Menurut dia, setelah pelimpahan berkas dan TSK maka selanjutnya kewenangan ada pada Pengadilan.

 

“Majelis Hakim ditunjuk oleh Pengadilan dan penentuan hari sidang oleh Ketua PN. Teman-teman (Wartawan) bisa ikuti di Pengadilan karena terbuka untuk umum. Itu untuk keempat TSK kasus  Pasar Lili yang merupakan salah satu peninggalan Kajari lama”, tambahnya.

 

Ia menambahkan, kasus lainnya,  ada beberapa yang sudah melalui tahap Penyelidikan.

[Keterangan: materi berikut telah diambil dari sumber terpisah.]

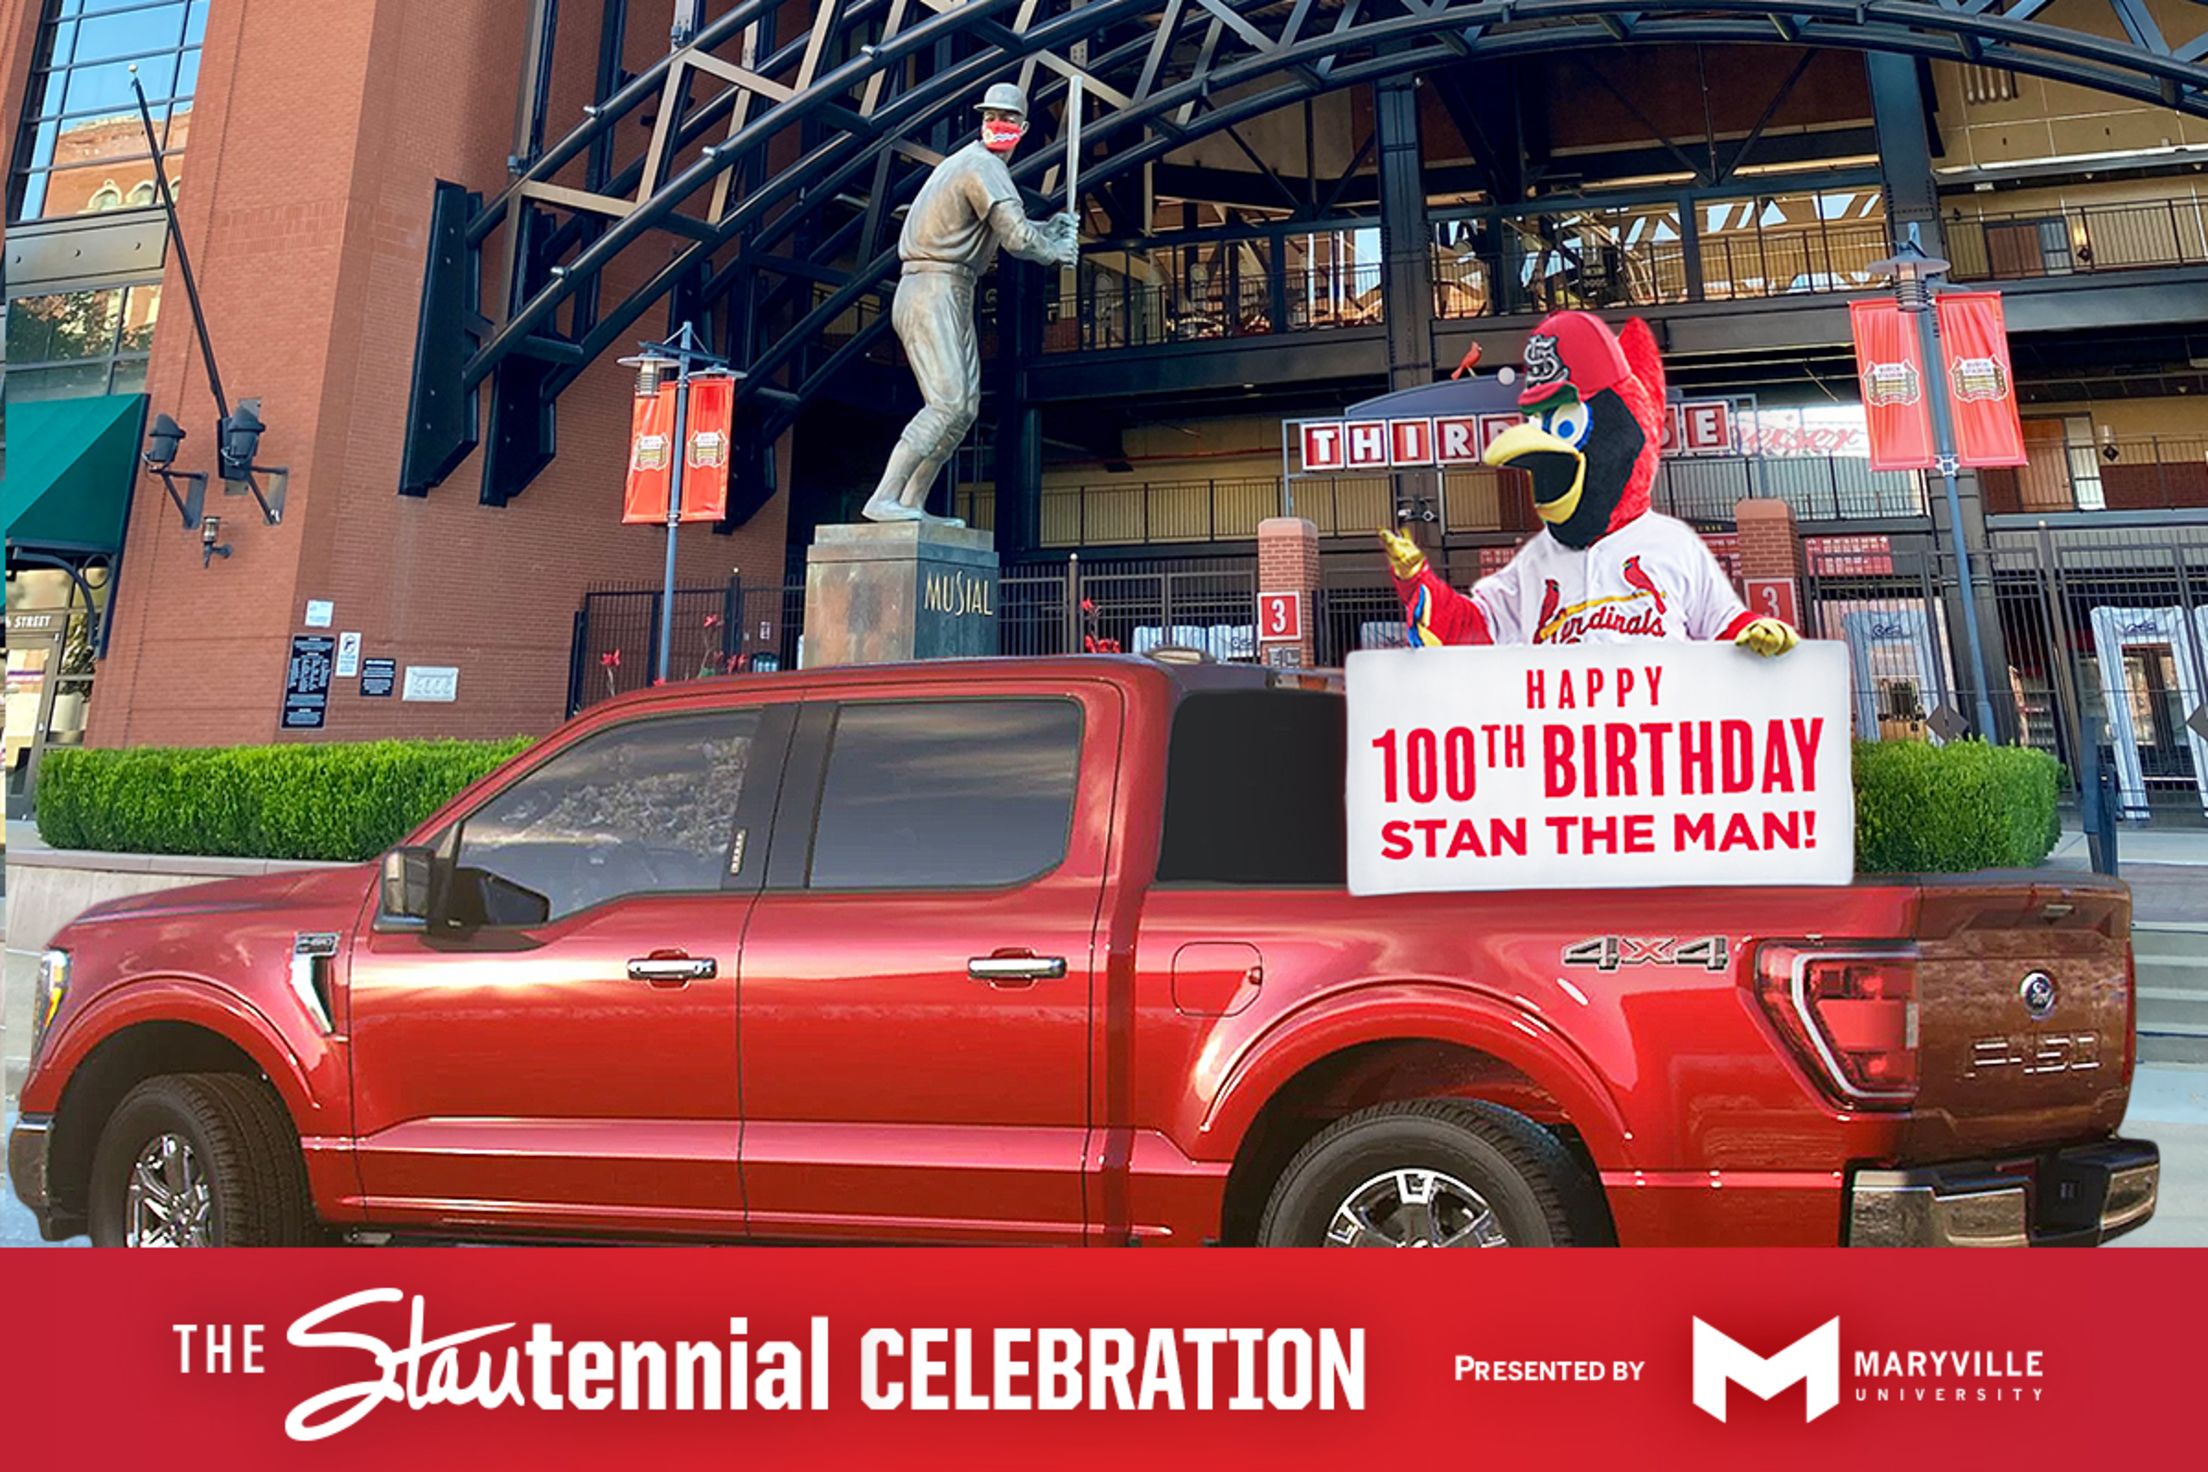 St. Louis Cardinals - Join us in wishing a Happy 31st Birthday to
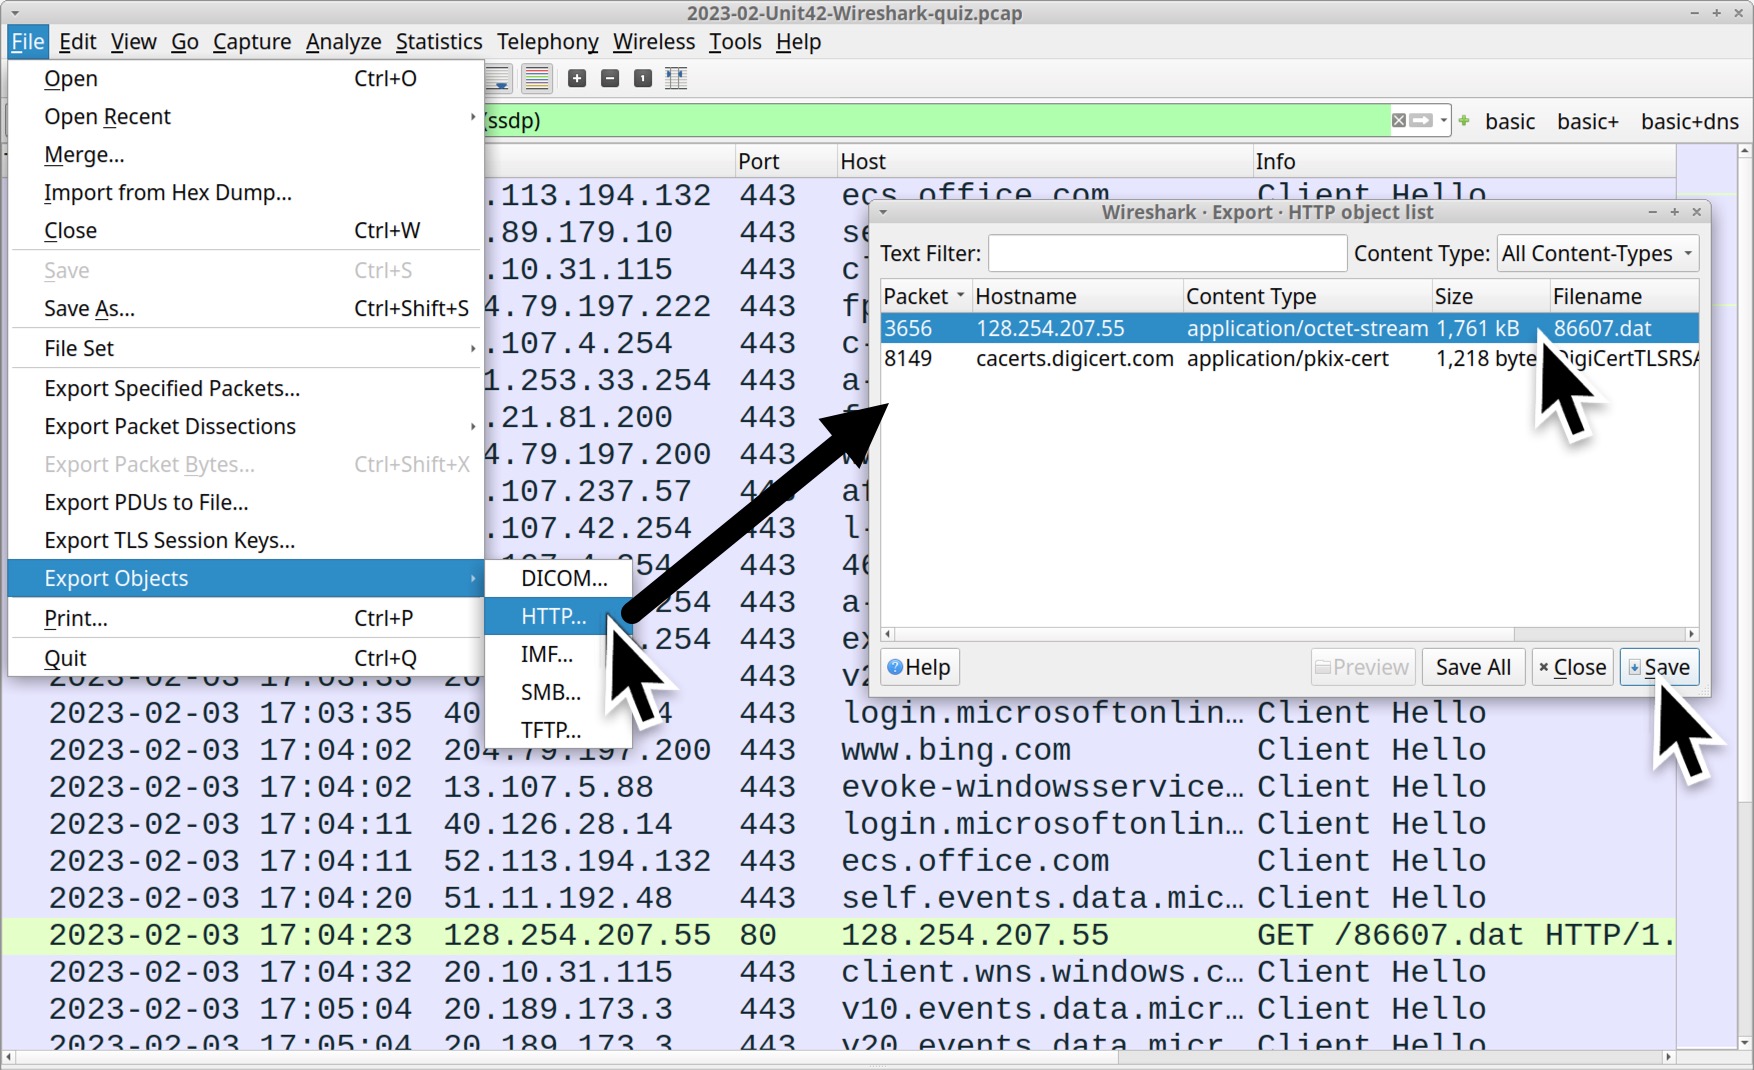 Image 5 is a screenshot of Wireshark shows the process of exporting an HTTP object from the File menu.

“Dari Kasi Intel naik ke tingkat Penyidikan sudah diserahkan ke Pidana Khusus (Pidsus) ada penyidikan pidsus yang masih berjalan, beberapa saksi sudah kami panggil sementara jalan. Kita cari dua alat bukti dan bukti pendukung lain”, ujarnya.

 

Lantas apa saja kasusnya ibu Kajari ?  “Saya belum bisa buka ya kali berikut baru bisa”, ucap dia seraya menambahkan, yang naik dari Lidik (penyelidikan) dan Dik (penyidikan) itu adalah kasus Dana Desa. Desa mana itu saya belum bisa sampaikan, biar yang bersangkutan dan pihak terkait tidak hilangkan barang bukti.

 

Seperti diberitakan berbagai media massa Kejari Kabupaten Kupang telah menetapkan 4 Tersangka dalam kasus proyek Pasar lili masing-masing,  TA (Mantan Kadis Perindag), EN (Pejabat Pembuat Komitmen), JO (Kontraktor Pelaksana)  dan BS (Konsultan Pengawas).

Pembangunan Pasar Lili di Kelurahan Camplong I Kecamatan Fatuleu, Kabupaten Kupang, yang dikerjakan oleh PT. Citra Timor Mandiri dengan nilai kontrak sebesar Rp 5. 553.106.511, 39 di tahun 2018.

Proyek pembangunan pasar tersebut seharusnya rampung sesuai masa kalender kerja 120 hari sejak Agustus hingga 28 Desember 2018 dengan kontrak kerja Nomor 510/141/2018/TP. Karena belum selesai, PPK diberi toleransi waktu 90 hari hingga 25 Maret 2019. Namun tambahan waktu 90 hari juga belum rampung. PPK malah tidak PHK kontraktor. (sintus)

 

Sumber : Hasil wawancara wartawan flobamora-spot.com dan Tribunnews .com.